Это был смертный дом. Все в этом доме кончалось, кроме смерти. Кроме старости. Все: красота, молодость, прелесть, жизнь. Все в этом доме кончалось, кроме Иловайского. Жестоковыйный старик решил жить. «Заживает чужой век… Всех детей зарыл, а сам… Двадцатилетний сын в земле, а семидесятилетний по земле ходит…» Под этот шепот и даже ропот – жил.

Много позже прочтя Фарреровских «Hommes vivants»[7], я (прости меня Бог, ибо это – грех) не вспомнила, а глазами увидела Д.И. Книга, в ее страшности, груба. Столетние старики в какой-то каменной пустыне подстерегают и зазывают молодых путников и выкачивают из них кровь, которой живут. Ничьей крови Д.И. не пил, нет, он по-своему детей даже любил, но соответствие все же уцелевает: от такого долголетия, самого по себе редкого, а при стольких молодых родных смертях – чудовищного. Первая жена, двое мальчиков, дочь; сын и дочь от второго брака… Это был какой-то мор на молодость. Мор, щадивший только его.

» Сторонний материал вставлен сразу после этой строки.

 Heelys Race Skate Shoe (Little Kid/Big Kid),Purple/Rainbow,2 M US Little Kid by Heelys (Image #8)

Иловайского в нашем доме, как и в его собственном, часто упрекали в черствости и даже жестокости. Нет, жестоким он не был, он был именно жестоковыйным, с шеей, не гнущейся ни перед чем, ни под чем, ни над чем, кроме очередного (бессрочного) труда. Казалось бы – сколько предостережений! Если не сбавишь спеси, не сдашь власти, то есть прежде всего не сдашься перед очевидностью, – и те умрут. Все умрут. Но очи его видели другое. Они не видели смысла сменяющихся на столе тел. Истории в своем доме и жизни историк не ощутил. (А может быть, и не истории, а Рока, открытого только поэту?) Очевидность его очей была одна: его родительская власть и непогрешимость ее декретов. Смерть же – несчастье, от Бога посланное. Ни одной секунды старик не ощутил себя виновным. Да – был ли?

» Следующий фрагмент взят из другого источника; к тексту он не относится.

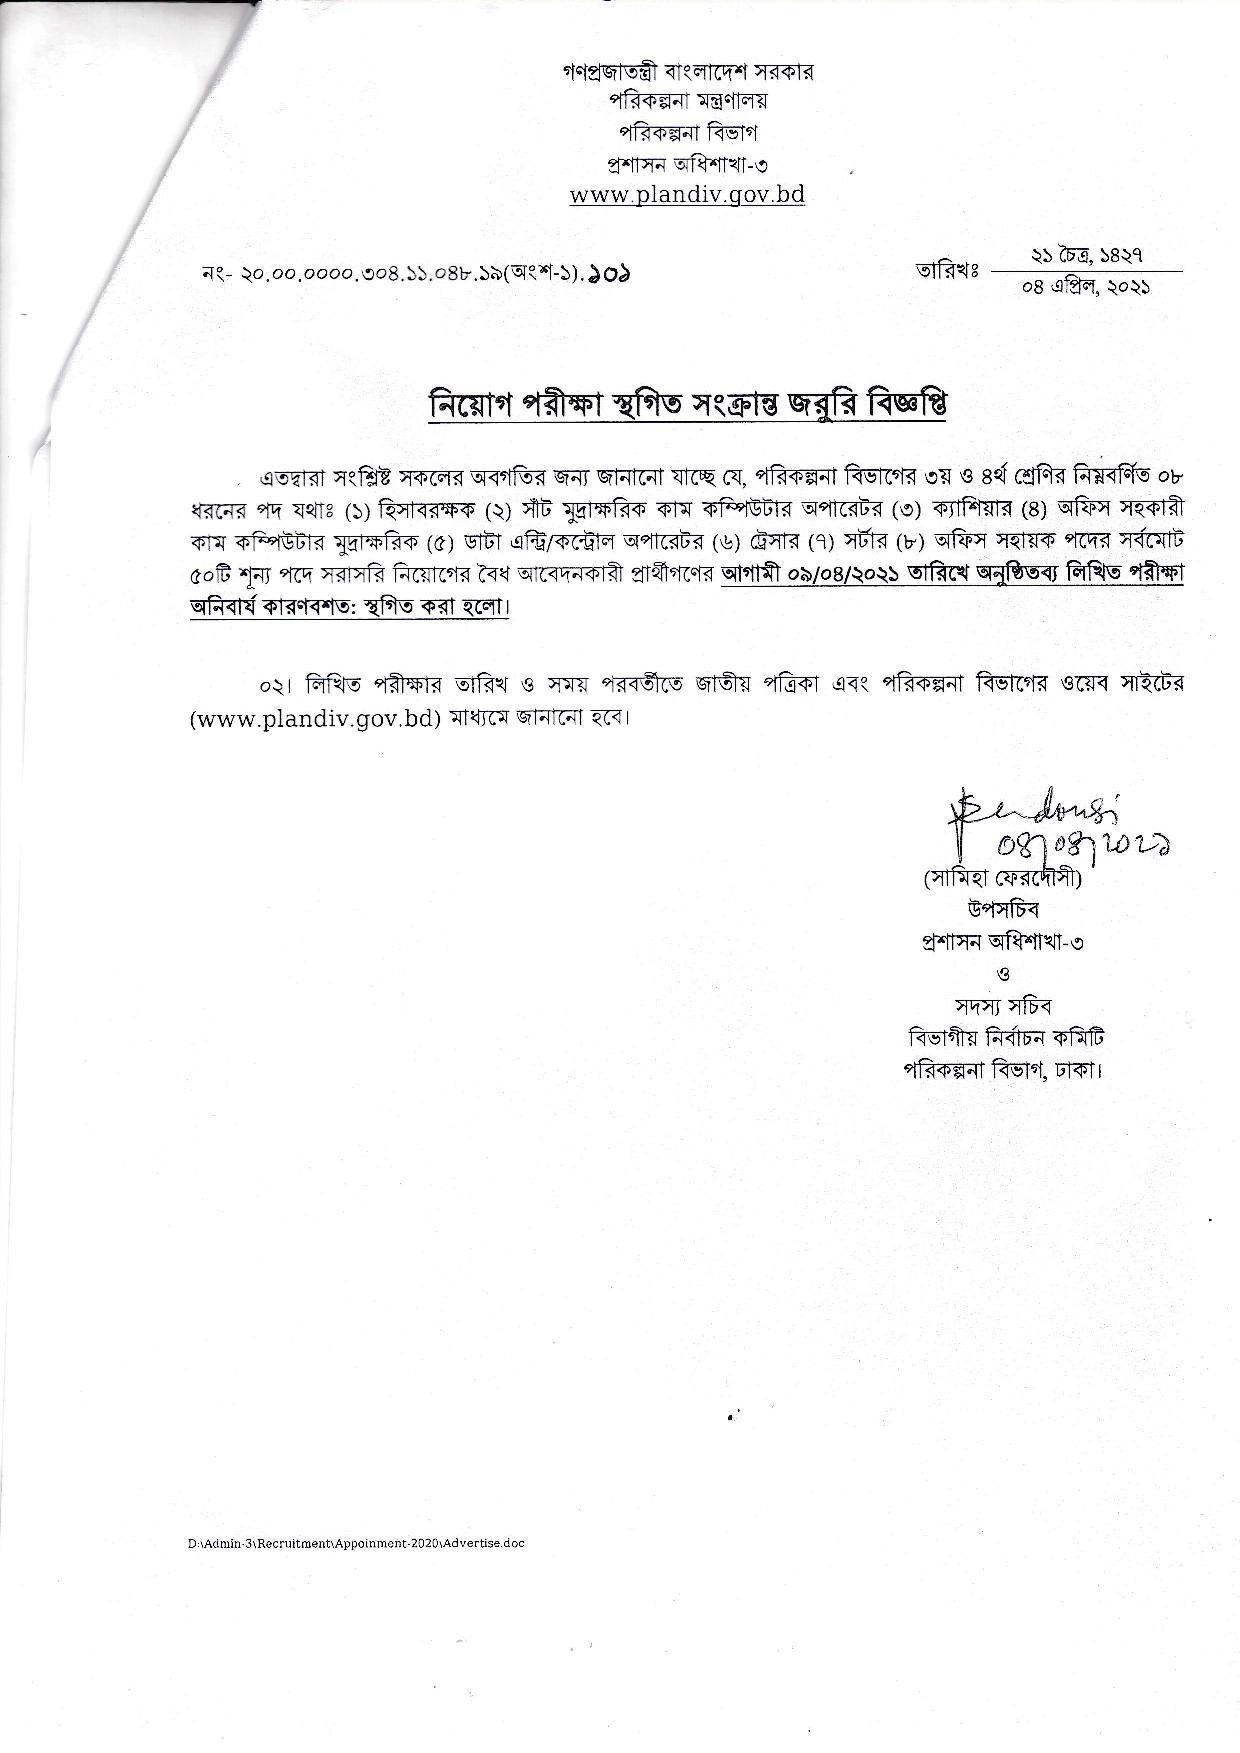 Planning Division Exam Notice 2021

Над этими детьми был рок ранней смерти. Не улыбайтесь, он есть. И Иловайский, как в мифе, может быть, был только орудием. (Хронос должен пожирать своих детей.) Вина есть, когда есть ее осознание. Когда ее осознания нет, она не вина, хотя может быть и смертоносна. Иловайский же жил – в Иловайском жило непоправимое сознание правоты. Как судить непогрешимость?

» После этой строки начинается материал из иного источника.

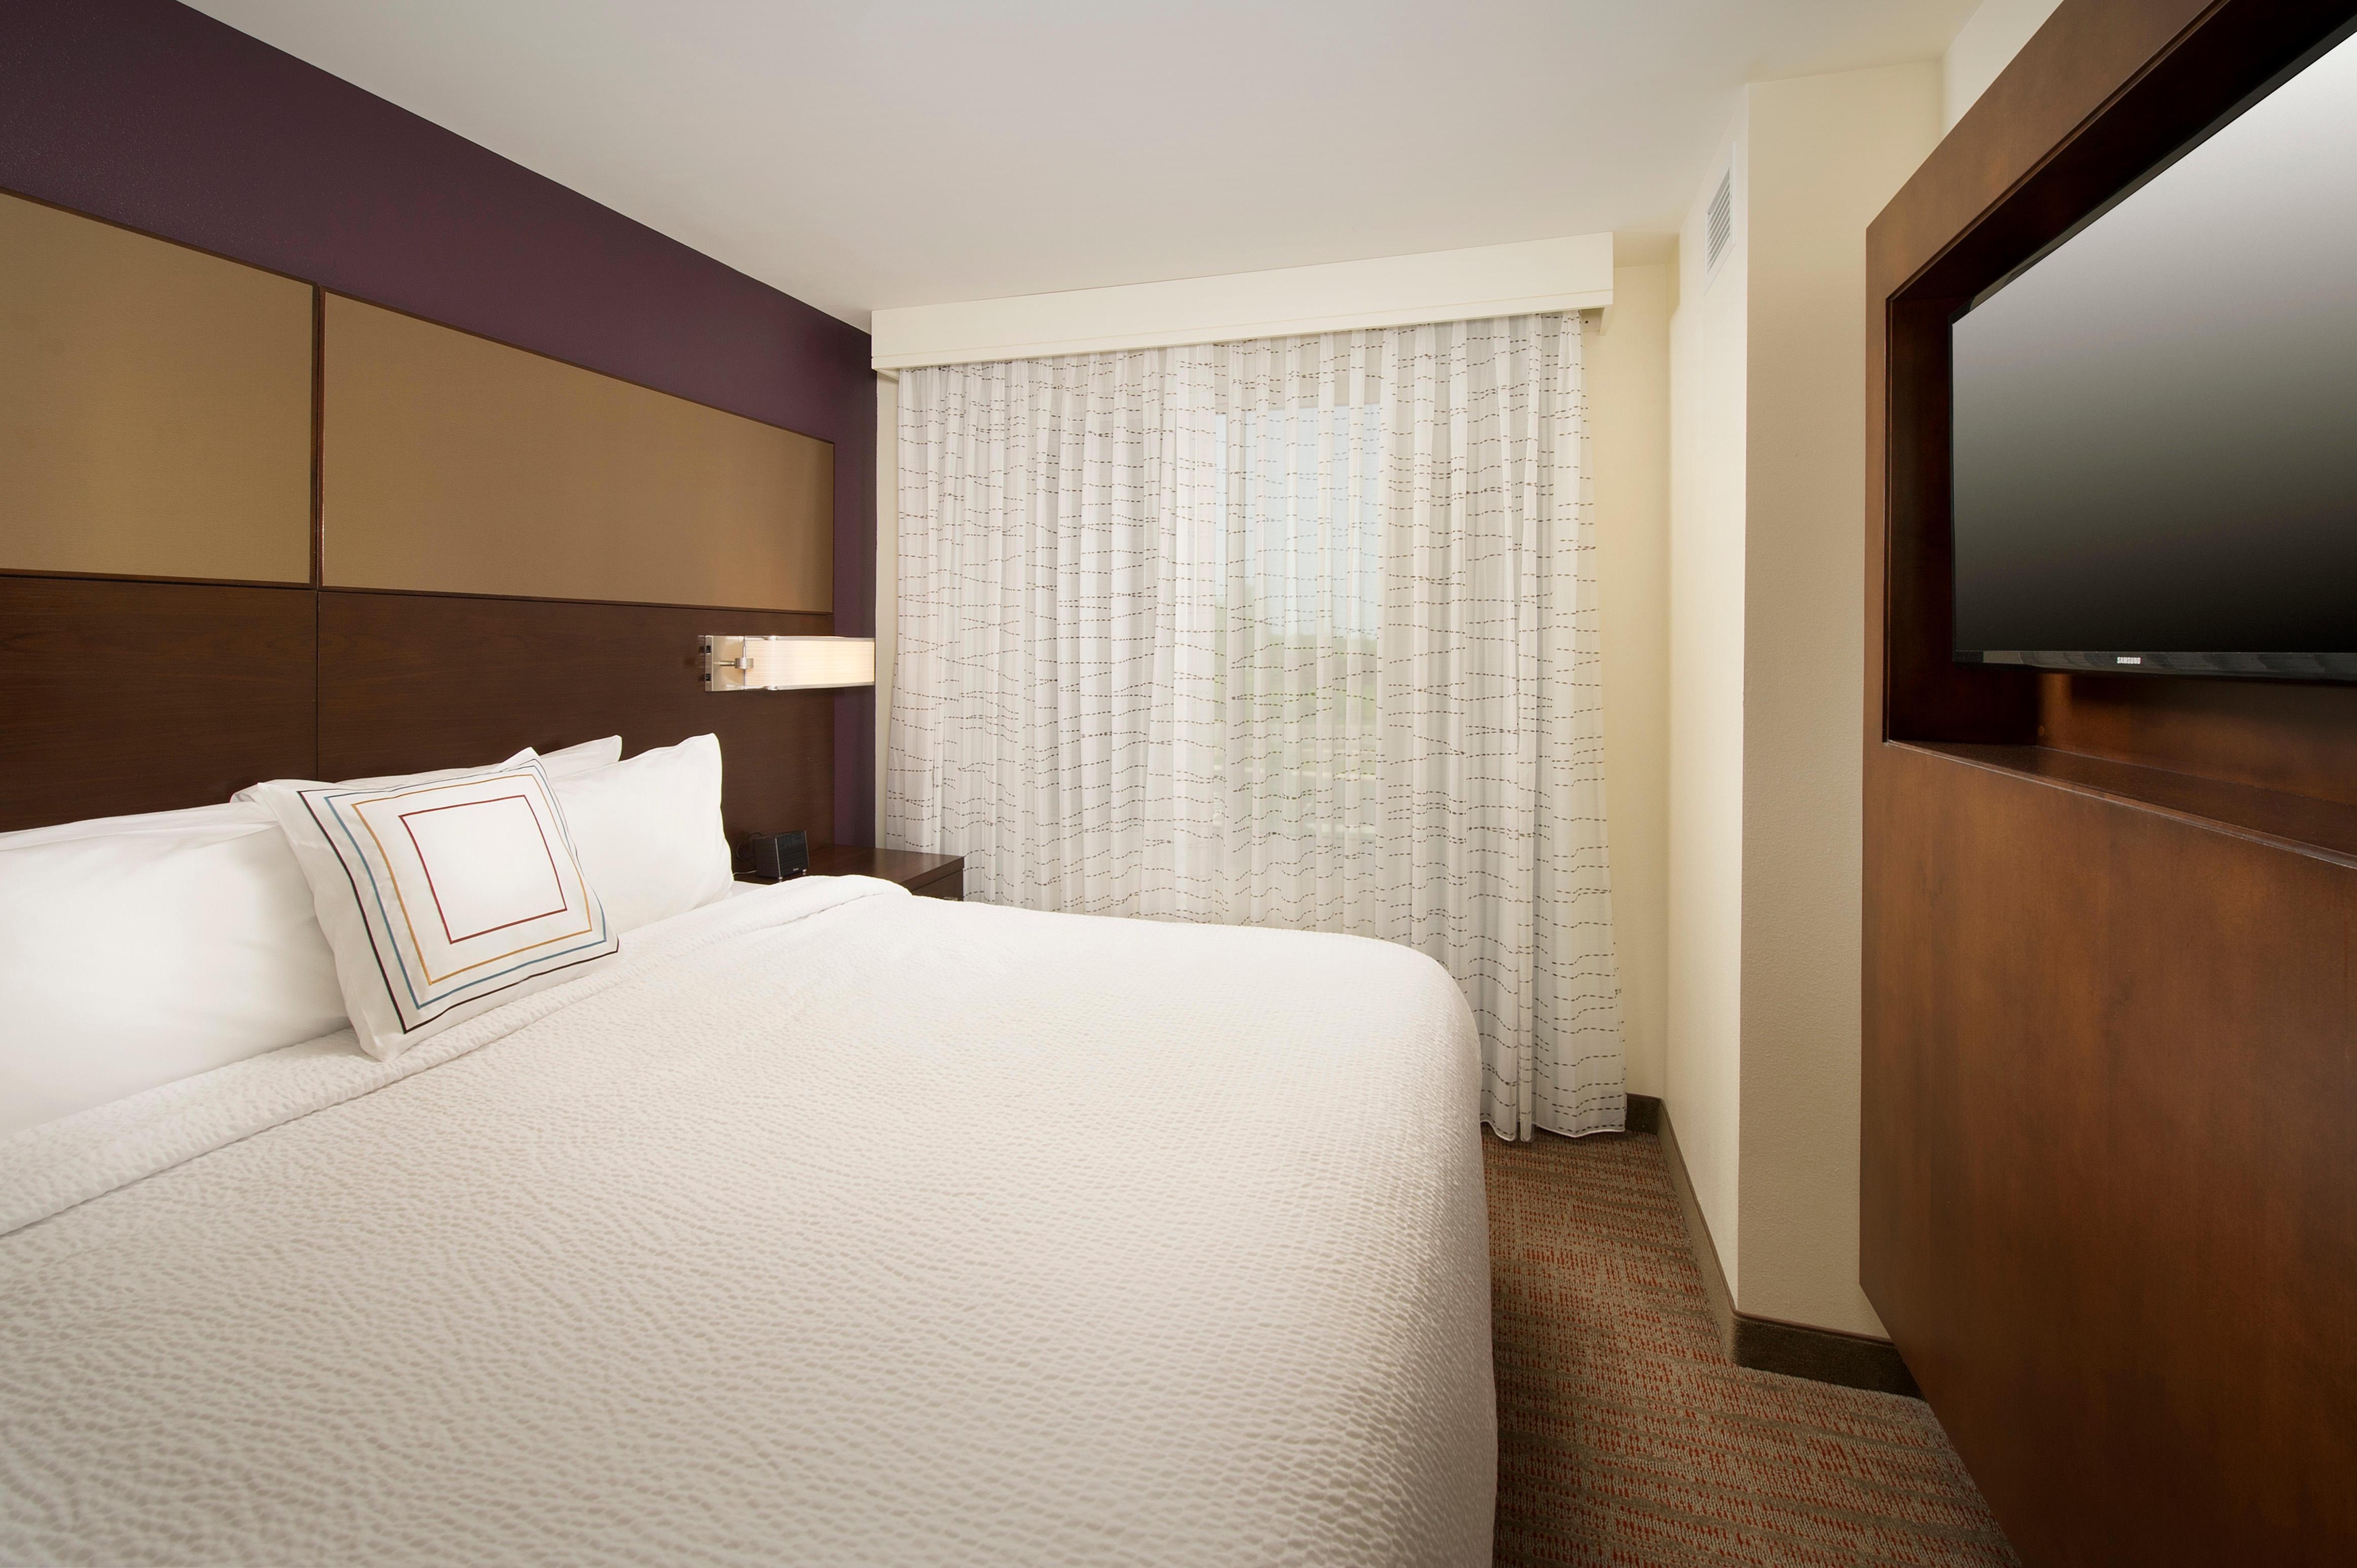 Residence Inn by Marriott Nashville SE/Murfreesboro image 8

И, может быть, то, что всем казалось волей жить, была неволя над ним рока, рок, обратный детскому, был рок над ним долгой жизни, как над теми – ранней смерти: долголетия, ставшего проклятием? (Сивилла, не могущая умереть.)

И так как всё – миф, так как не-мифа – нет, вне-мифа – нет, из-мифа – так как миф предвосхитил и раз навсегда изваял – всё, Иловайский мне ныне предстает в виде Харона, перевозящего в ладье через Лету одного за другим – всех своих смертных детей.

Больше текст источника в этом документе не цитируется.